Of course, when you start to go through your collections with a fine toothcomb, it affords the opportunity to do things systematically that otherwise, with the best will in the world, often don't get done. We have been able to improve housing and labelling, particularly by reverting from 1000ft to 100ft for our masters. Gone are the old/damaged cans, whose handwritten labels are clinging on for dear life in the face of sticky tape that has become yellow and brittle and about as sticky as a brick. In come smart new 100ft cartons with clearly printed self-adhesive labels. Many of our old masters have had a print master generated for the first time, while others have had new print masters made as part of the transfer process. Again, new cans and clear labelling have been an improvement.

The future

The work we have done to date on transferring our acetate films has been as instructive as it has been constructive.

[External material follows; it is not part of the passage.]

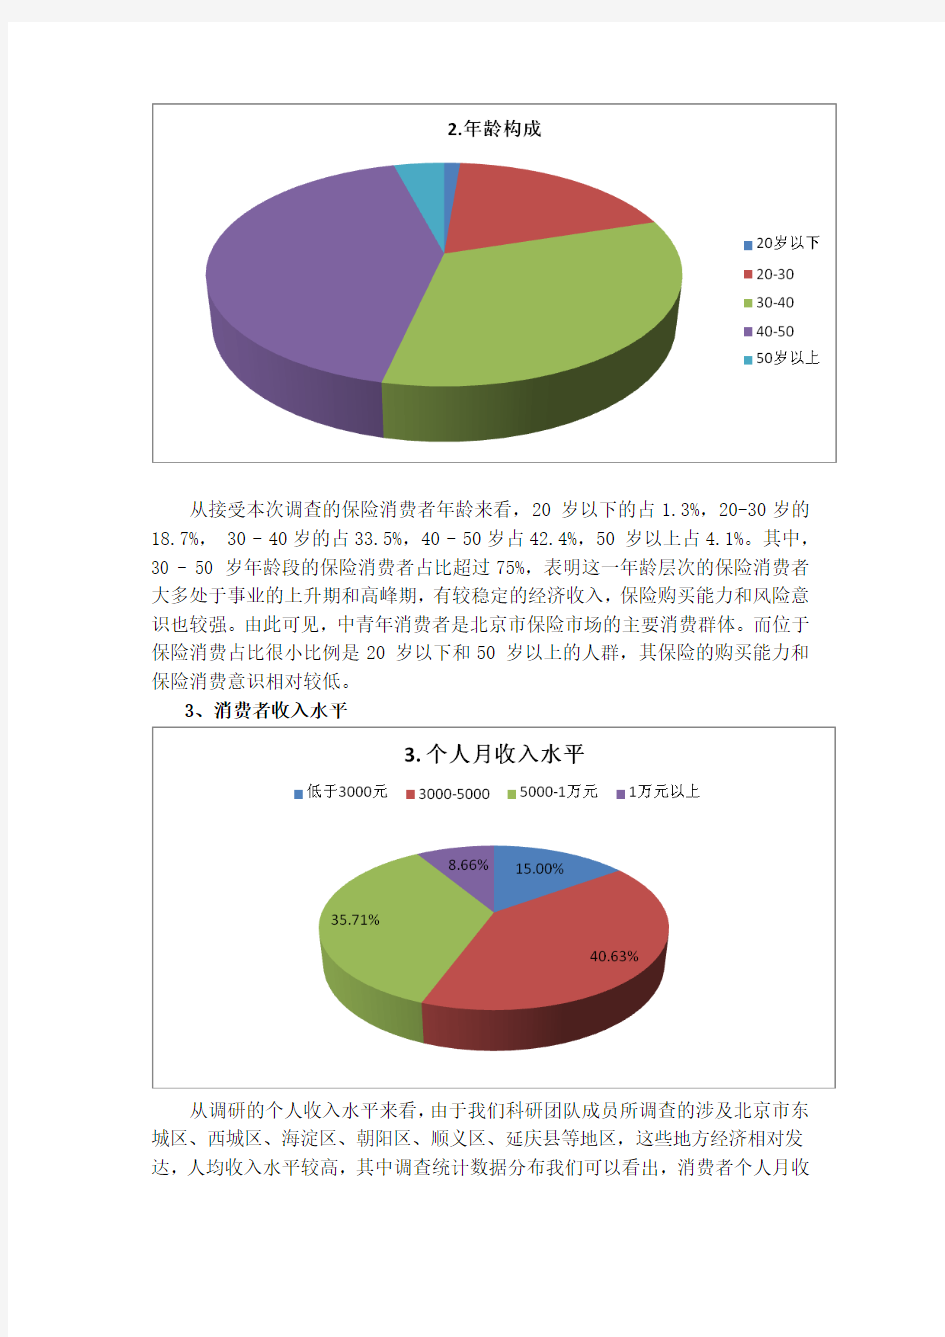 关于保险消费者知识的调研报告以北京市为例

We have learned a great deal about the complexities of managing such a project, about what works and what doesn't; about the opportunistic benefits - and the extent of the preparation work. And we are pleased to have been able to share our experiences with colleagues through CAMF. It's fair to say that over the past fifteen months we have realised that, as a long-term strategy, mass transfer is not necessarily the best solution to the problem; and that long term dedicated cold storage is a more feasible solution. For the immediate future, we are continuing to schedule the transfer of acetate film. This year, we will prioritise the films of newspaper titles for which we no longer have the hard copy, or the hard copy no longer exists. At the same time, we will be seeking to establish cold storage as the long-term goal, with transfer on demand.